- DIRECTIONS
From the line containing "Furniture Summertime Kids" to the last line of the data below, copy everything exactly and nothing else; pictures stay out.

- RECORDED DATA
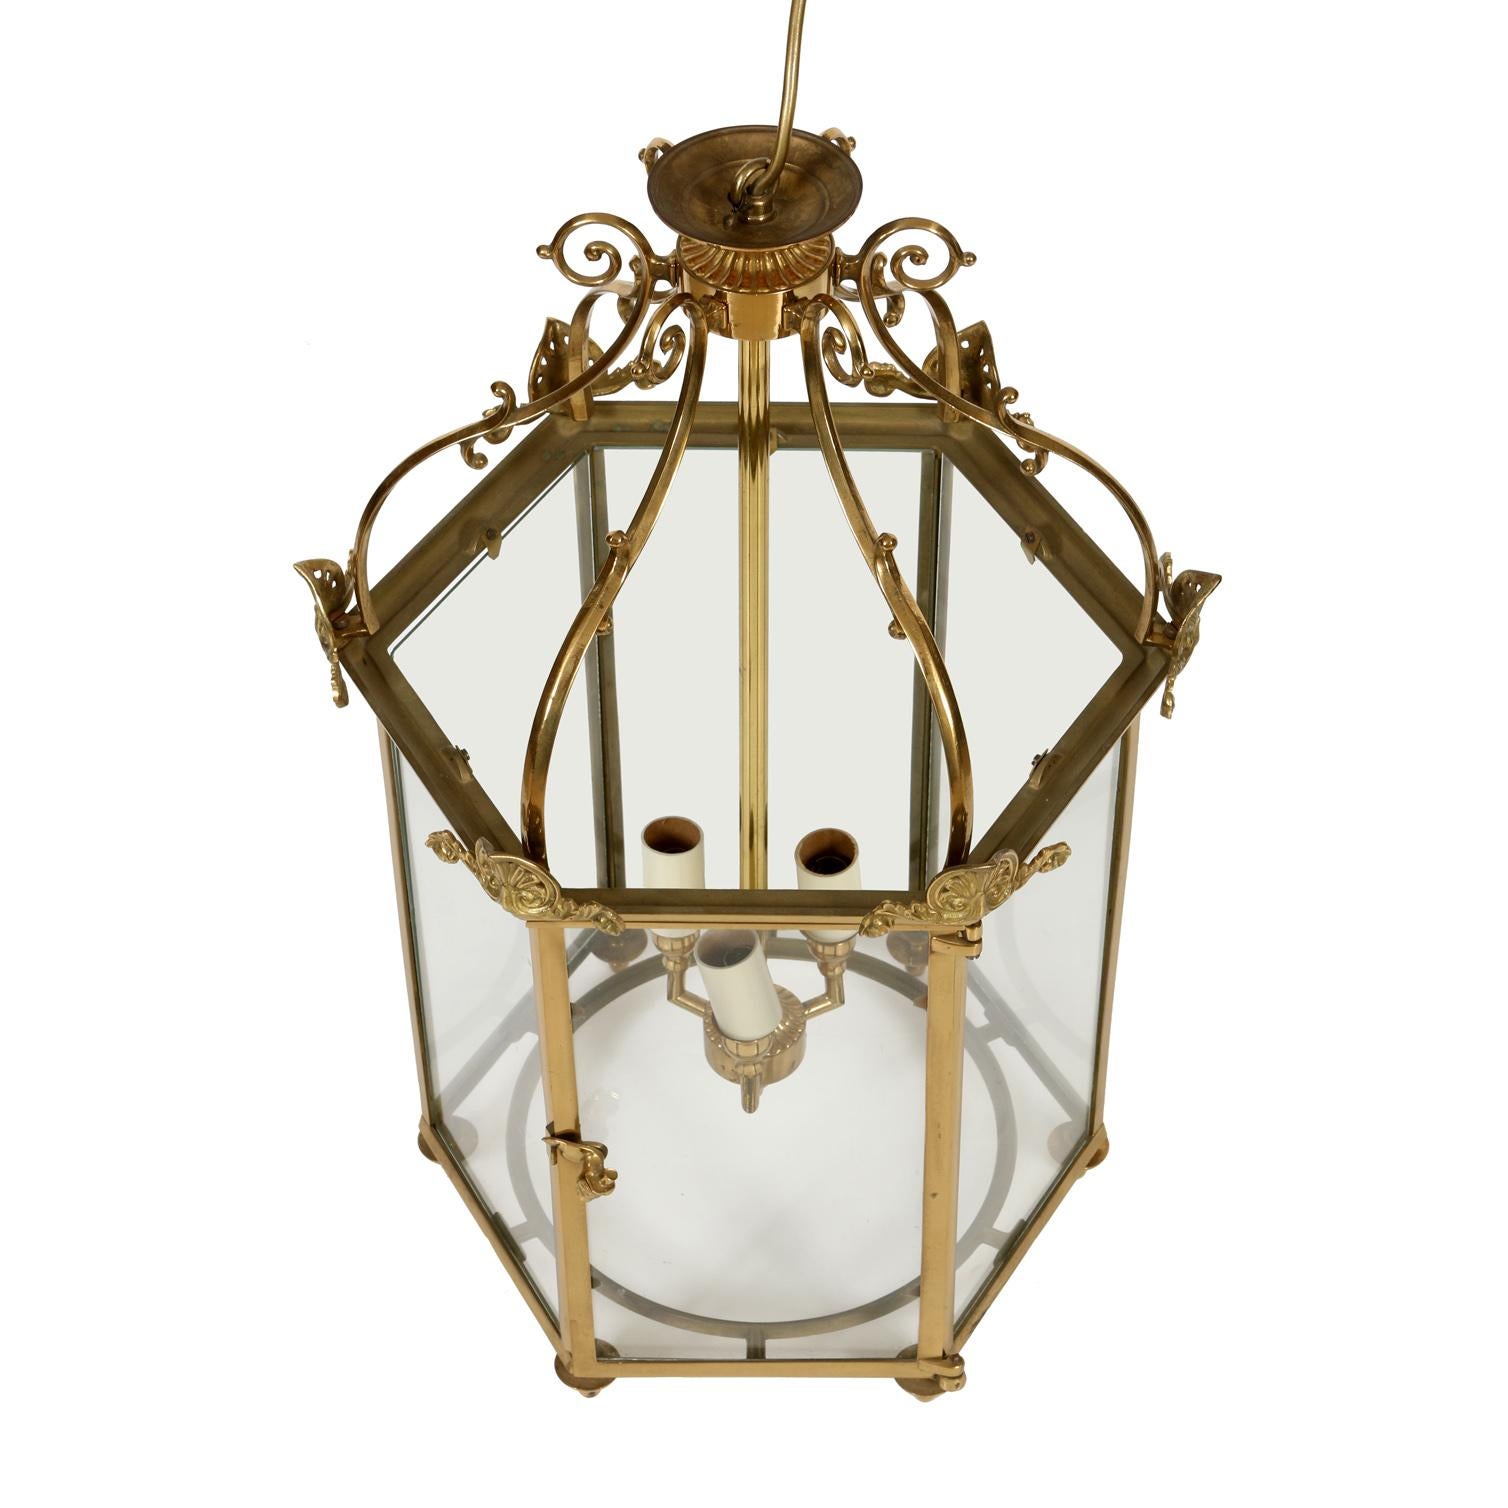 English brass vintage hall lantern in hexagonal shape with small palm details above and finials below with three lights.
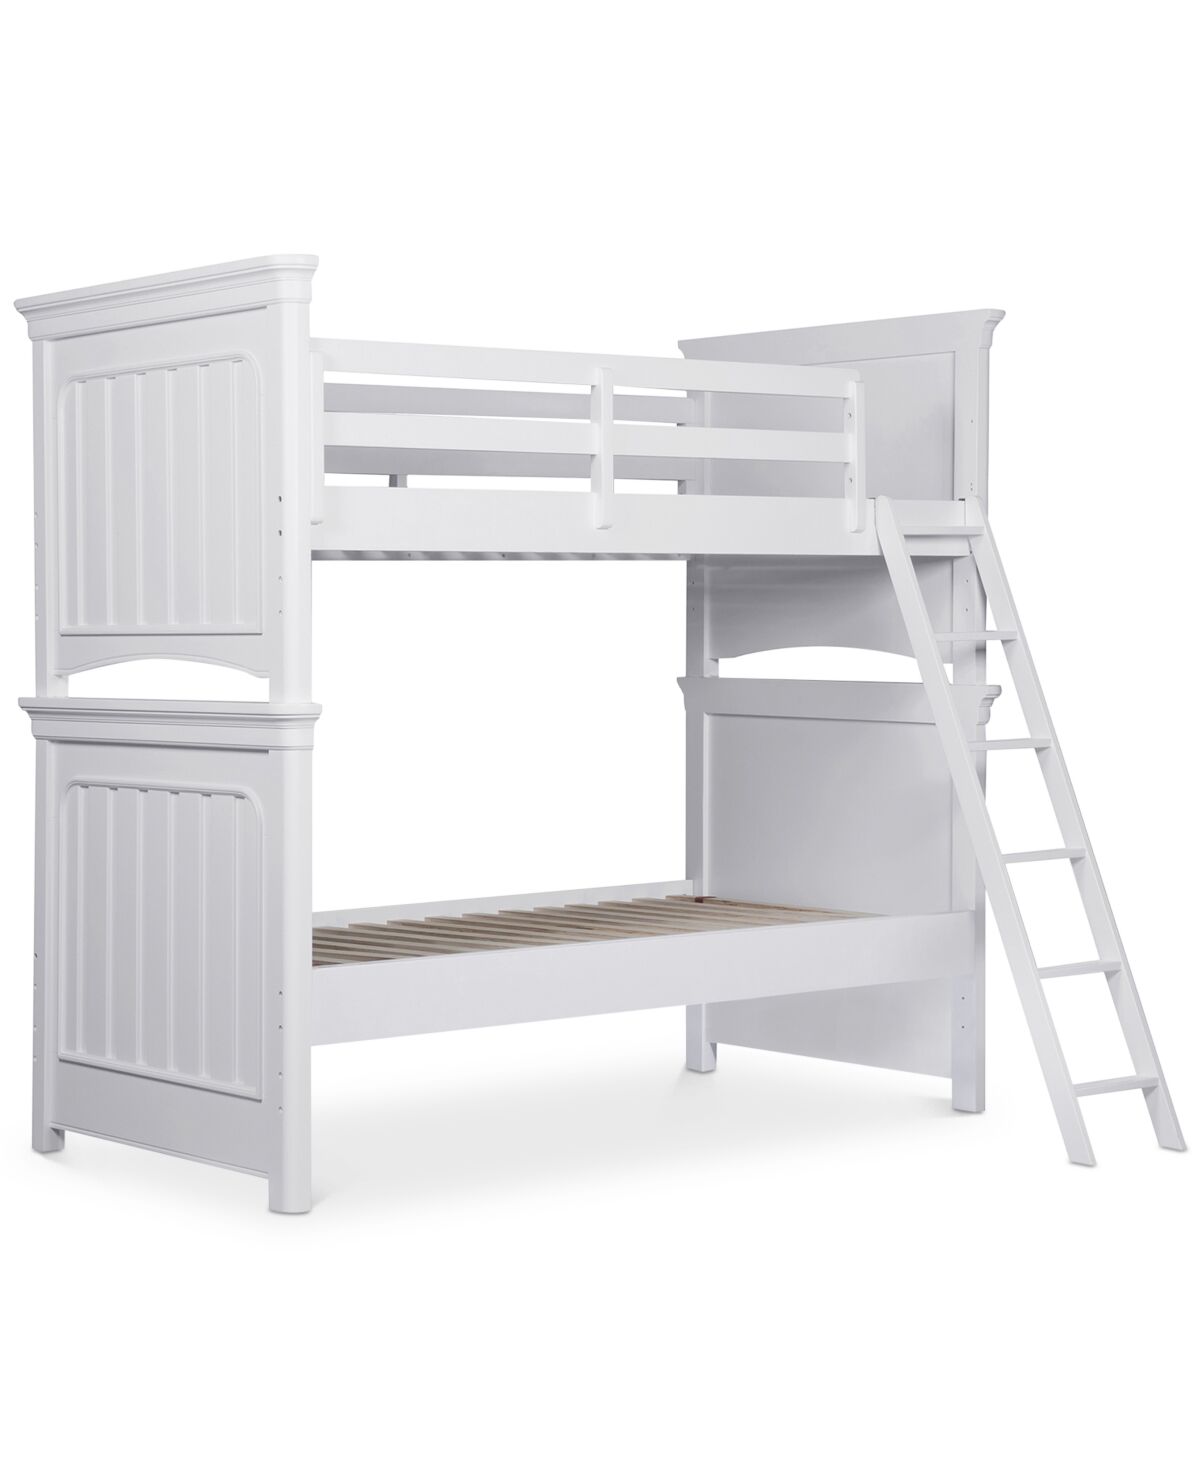 Furniture Summertime Kids Twin over Twin Bunk Bed - White
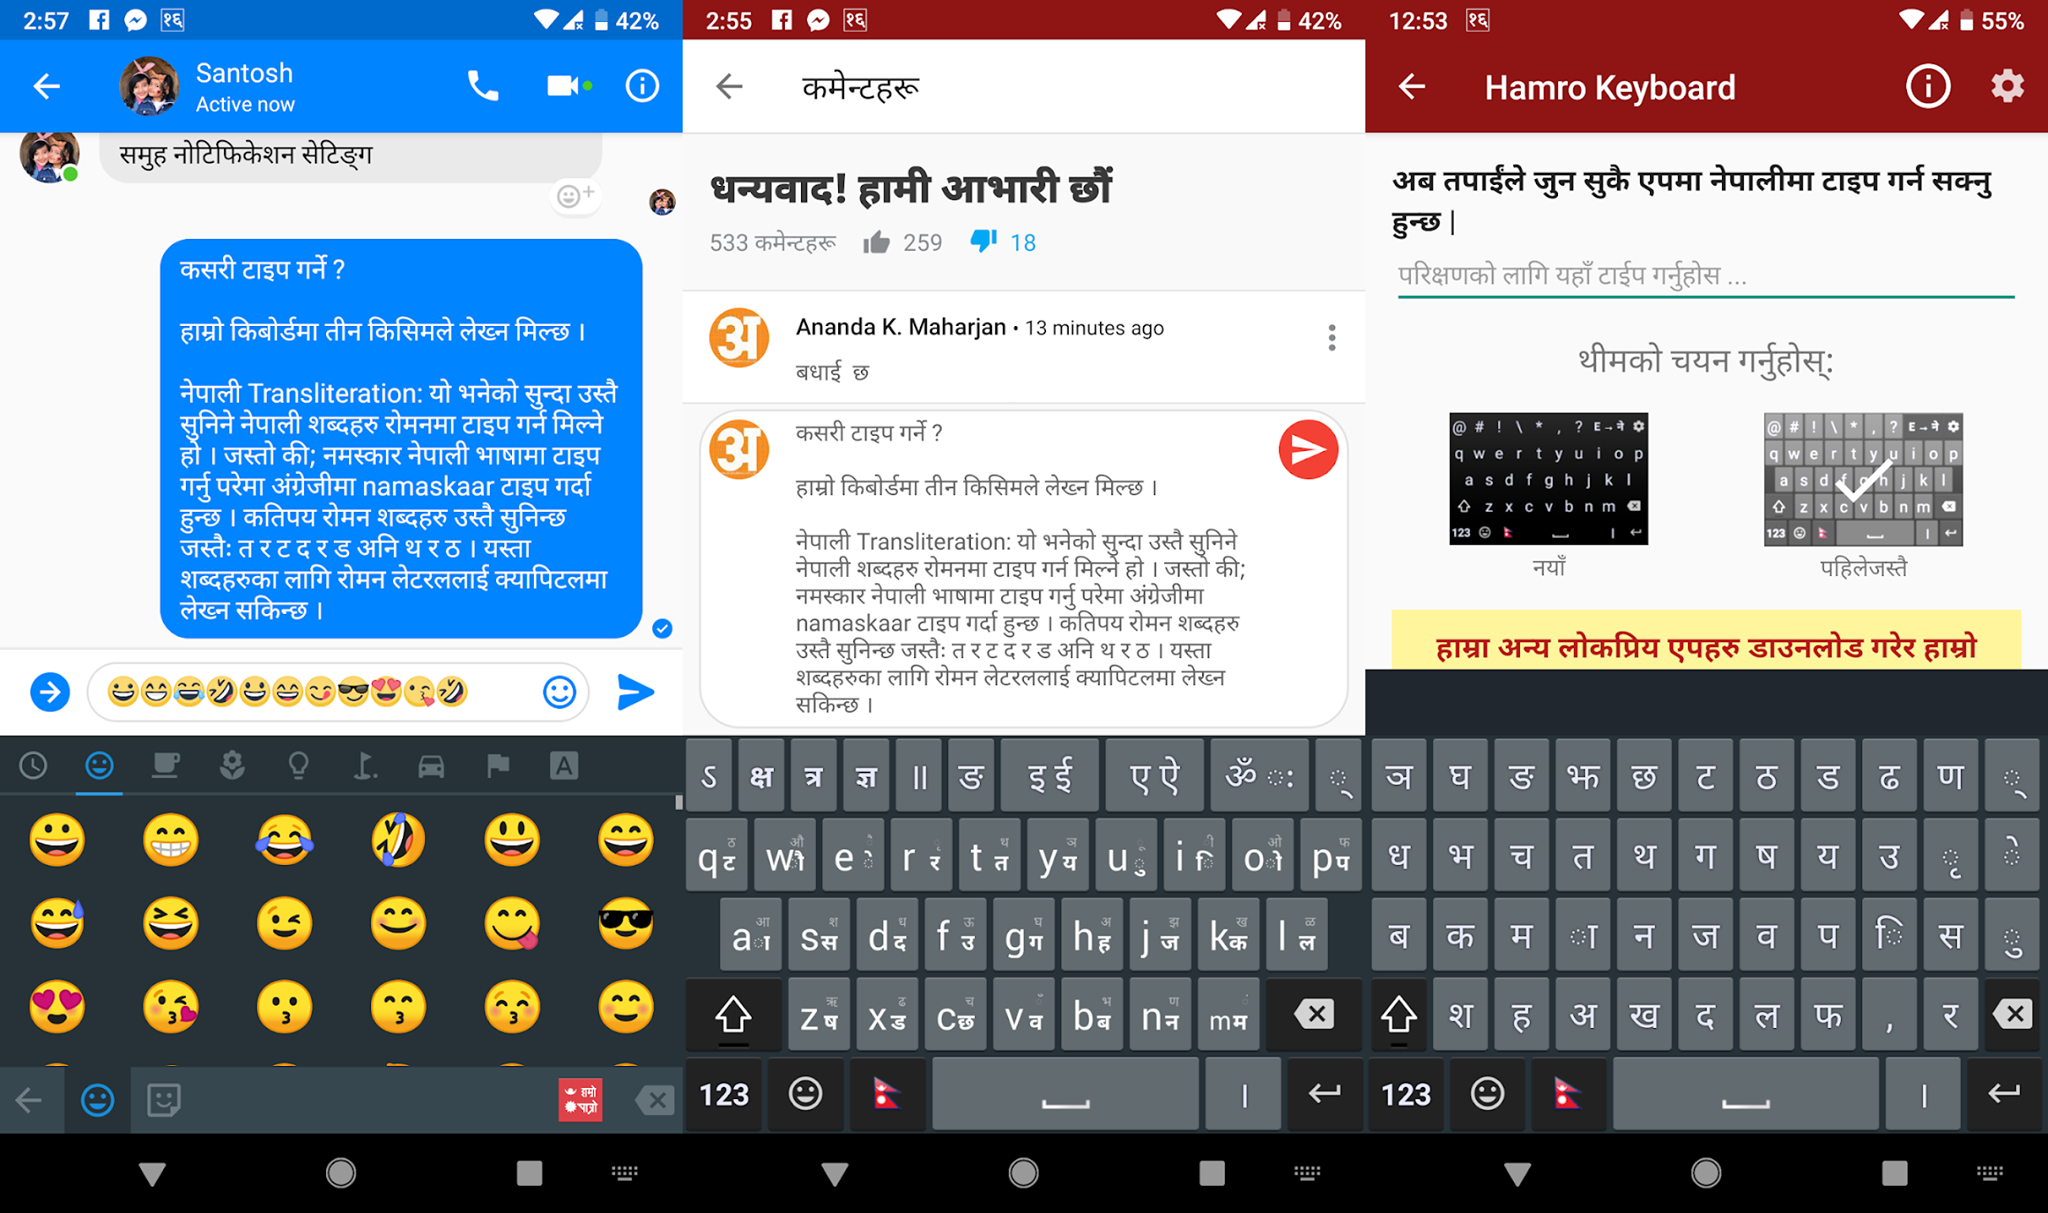 Hamro Keyboard clarifies it doesn’t collect sensitive, private info

- WRITTEN RESPONSE
 Furniture Summertime Kids Twin over Twin Bunk Bed - White
 Hamro Keyboard clarifies it doesn’t collect sensitive, private info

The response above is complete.